Henry Harold Scott was a pathologist, bacteriologist and medical author. He was President of the Royal Society of Tropical Medicine and Hygiene 1943-1945.
He was educated at the Mercers' School. He then trained at St Thomas' Hospital and St Bartholomew's Hospital, London.
He served in the Second Boer War from 1902 in the South African Field Force, receiving the Queen's Medal with five clasps. Returning to England, he served as a GP in Ludlow. In 1920 he received a government appointment of state pathologist to Jamaica and lived there for four years.

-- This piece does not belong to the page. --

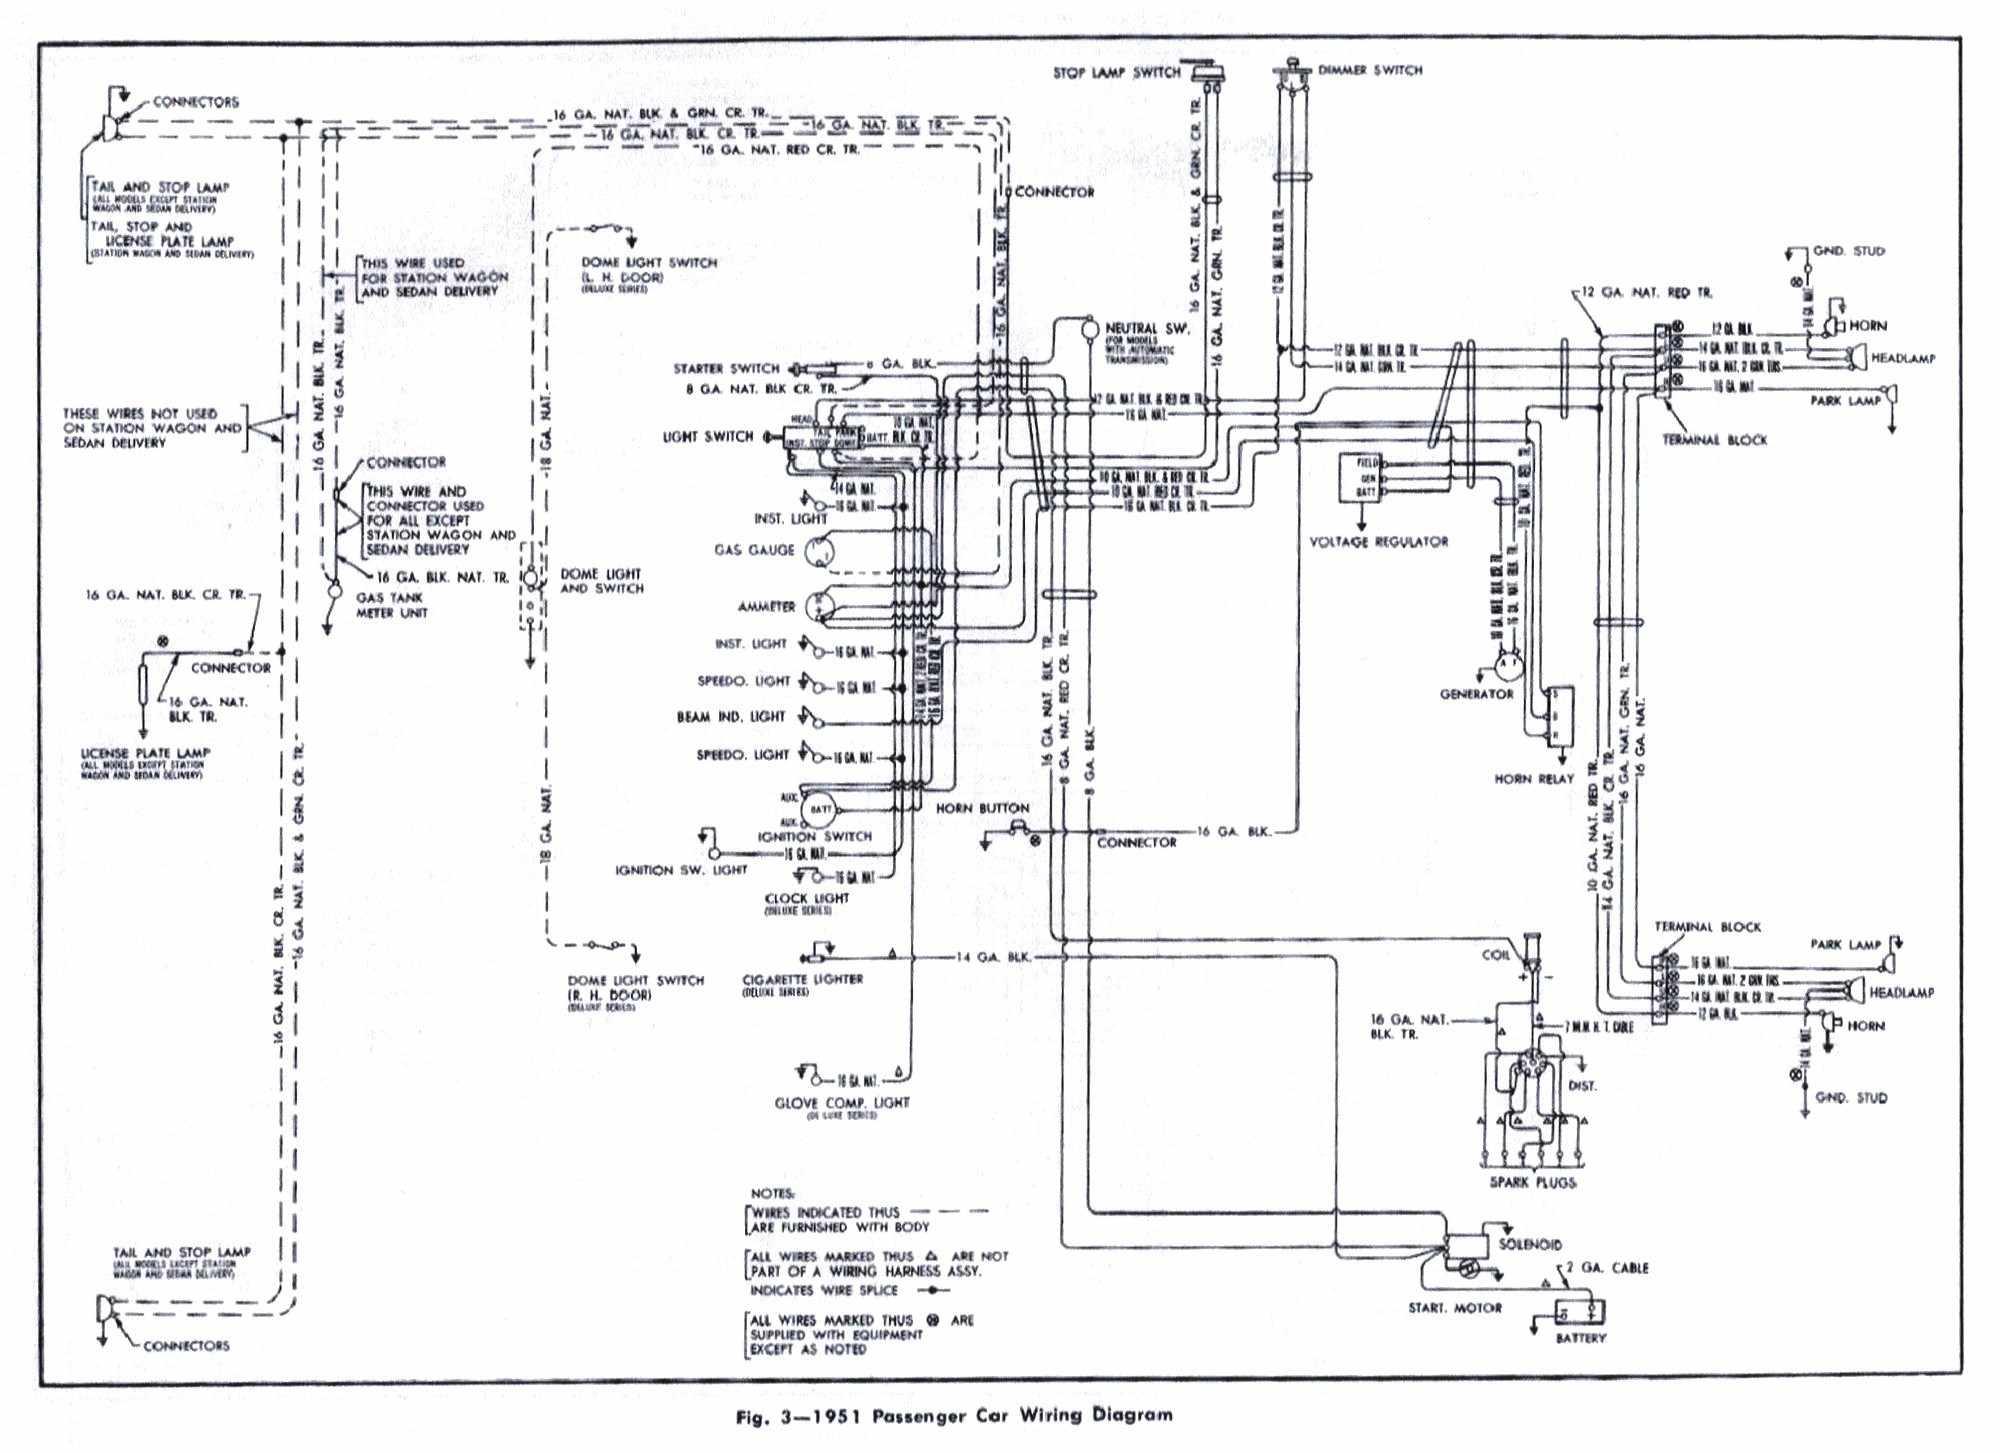 wiring diagram 1969 oldsmobile 442

He served as a pathologist for the RAMC in the First World War, based at the Cambridge Hospital in Aldershot.
In 1917 he was elected a Fellow of the Royal Society of Edinburgh.
In 1922 he took another government appointment as pathologist and bacteriologist in Hong Kong. However, he grew ill there and had to return home. He then found an appointment as pathologist at the Zoological Society of London. In 1928 he became Medical Secretary to the Colonial Medical Research Council in London. In 1930 he became Assistant Director of the Bureau of Hygiene and Tropical Medicine.
In 1935 he was created a Companion of the Order of St Michael and St George, and in 1941 was created a Knight of the Order.
He retired in 1942, and died in Braintree on 6 August 1956.